INFORMATION SUPPLIED =>
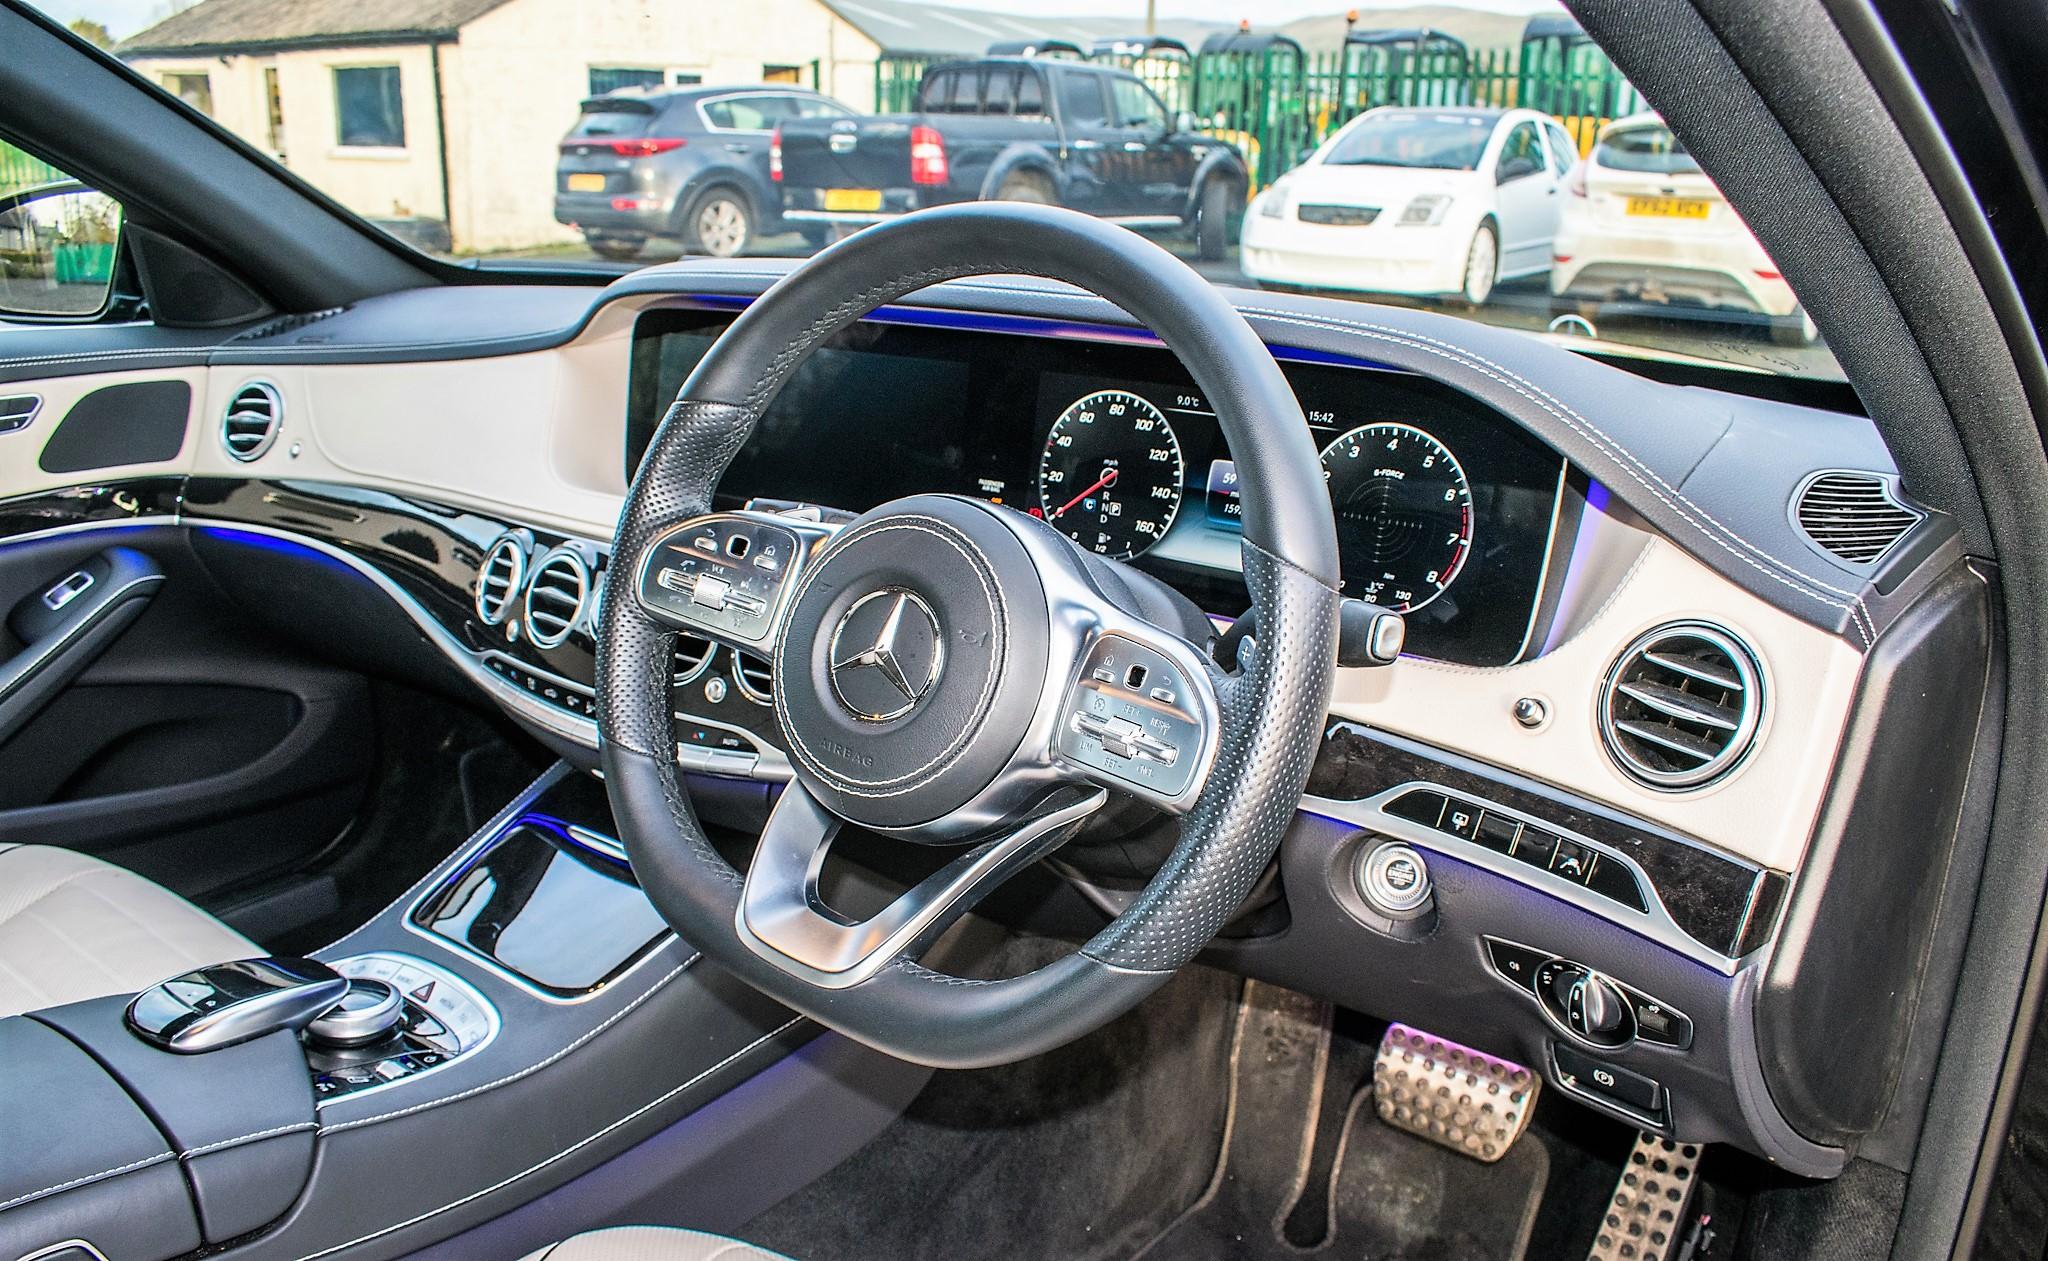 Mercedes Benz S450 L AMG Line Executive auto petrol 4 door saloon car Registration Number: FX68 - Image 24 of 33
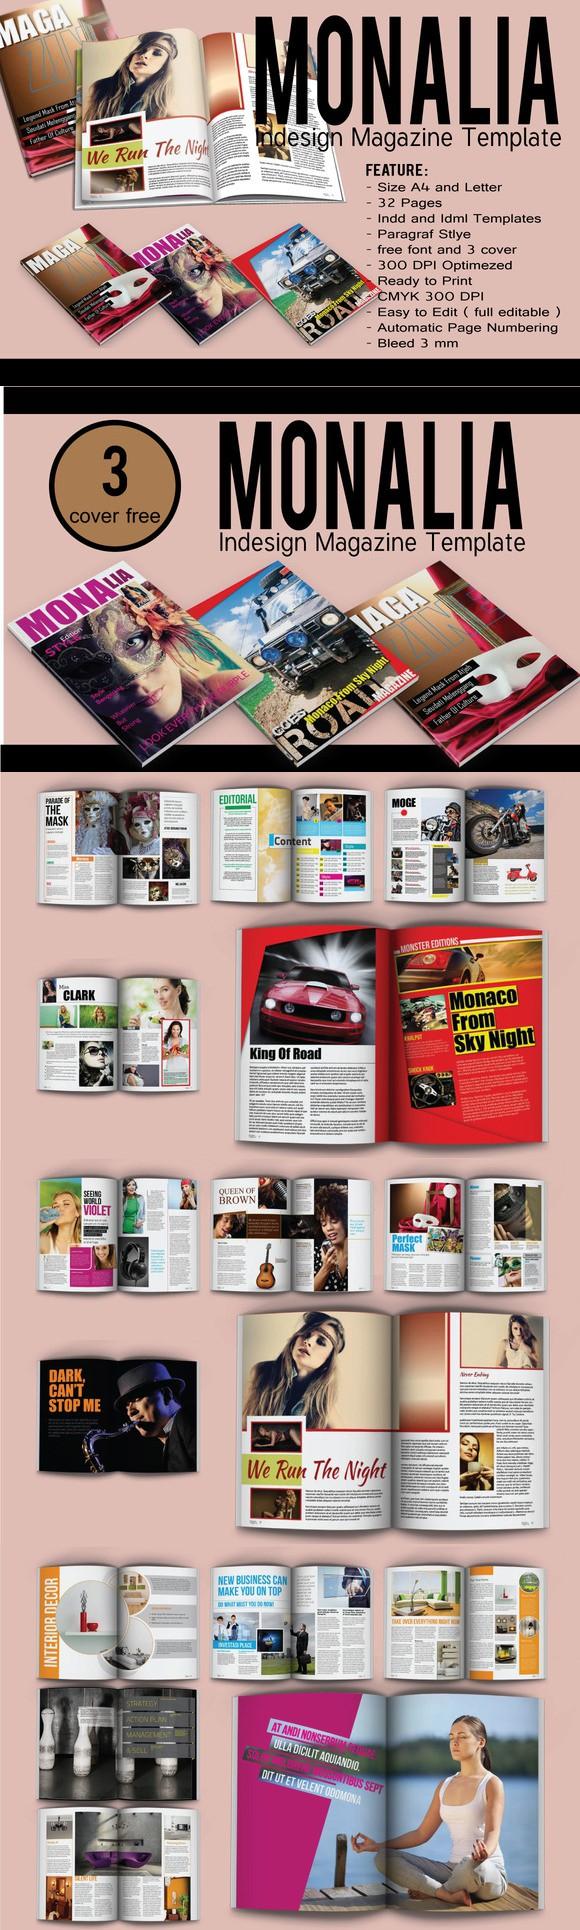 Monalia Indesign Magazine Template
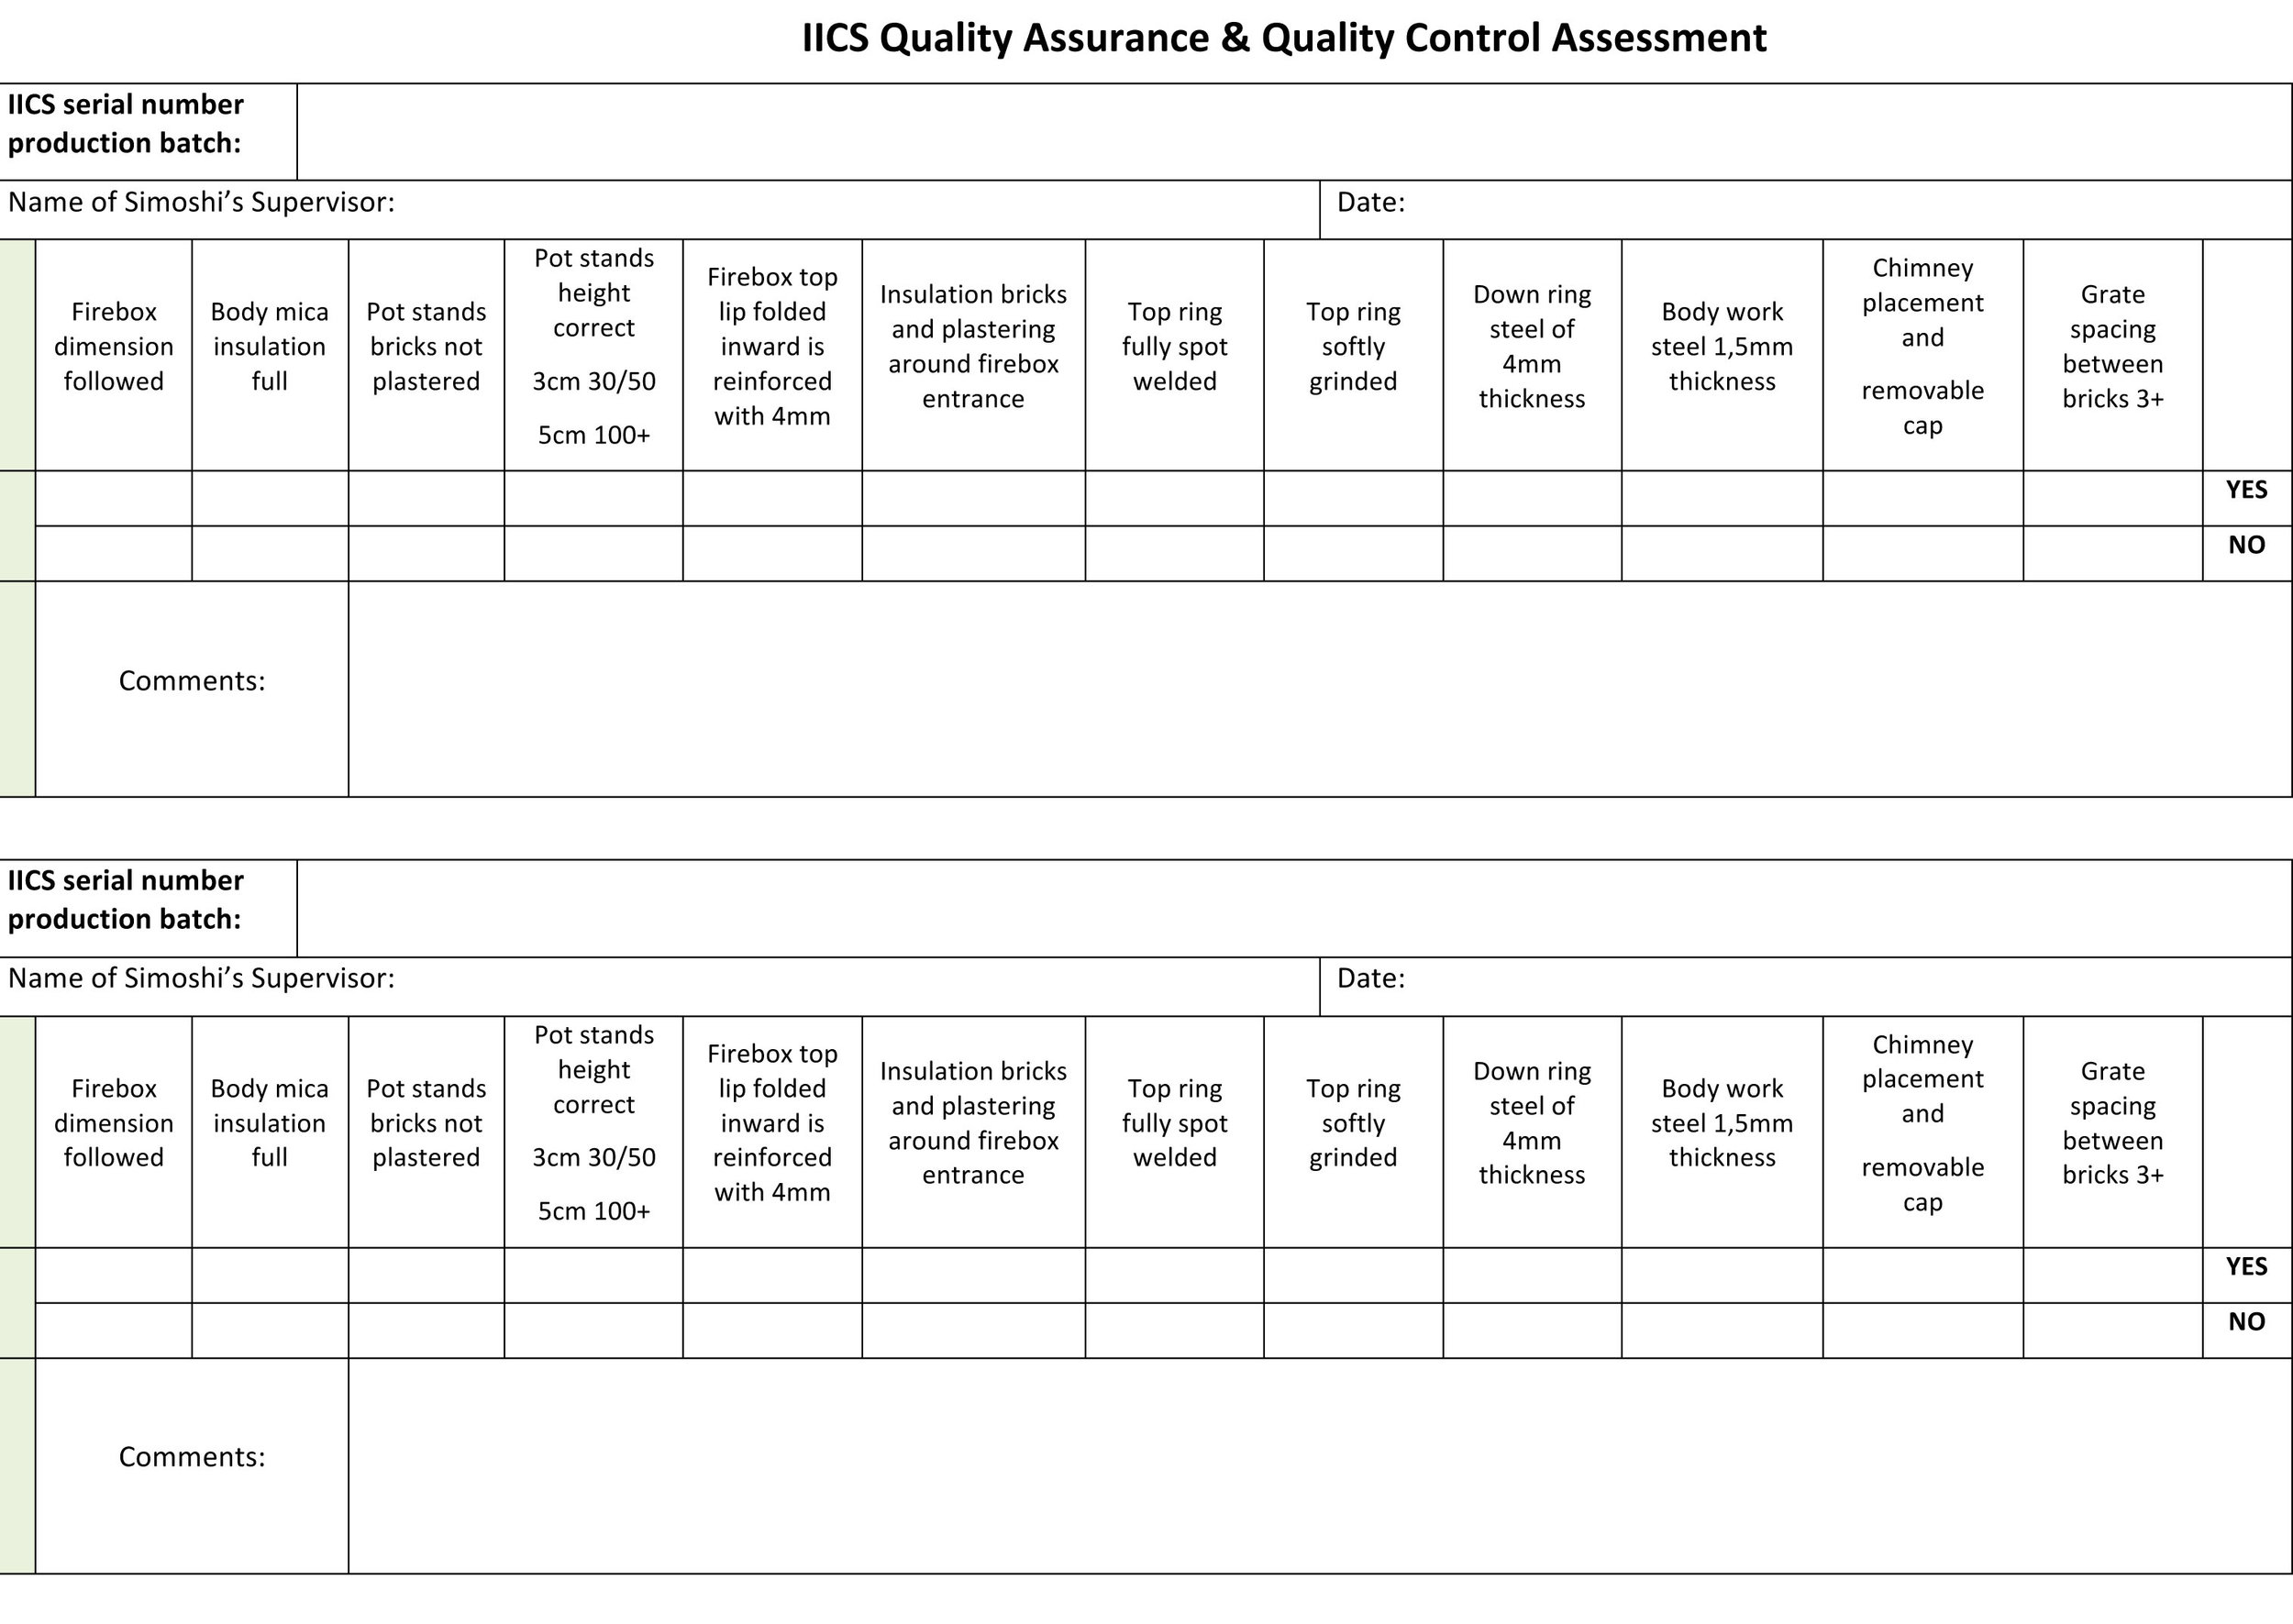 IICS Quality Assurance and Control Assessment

WHAT IS REQUIRED => Leaving the pictures out, print every line of the listing exactly.

ANSWER =>
 Mercedes Benz S450 L AMG Line Executive auto petrol 4 door saloon car Registration Number: FX68 - Image 24 of 33
 Monalia Indesign Magazine Template
 IICS Quality Assurance and Control Assessment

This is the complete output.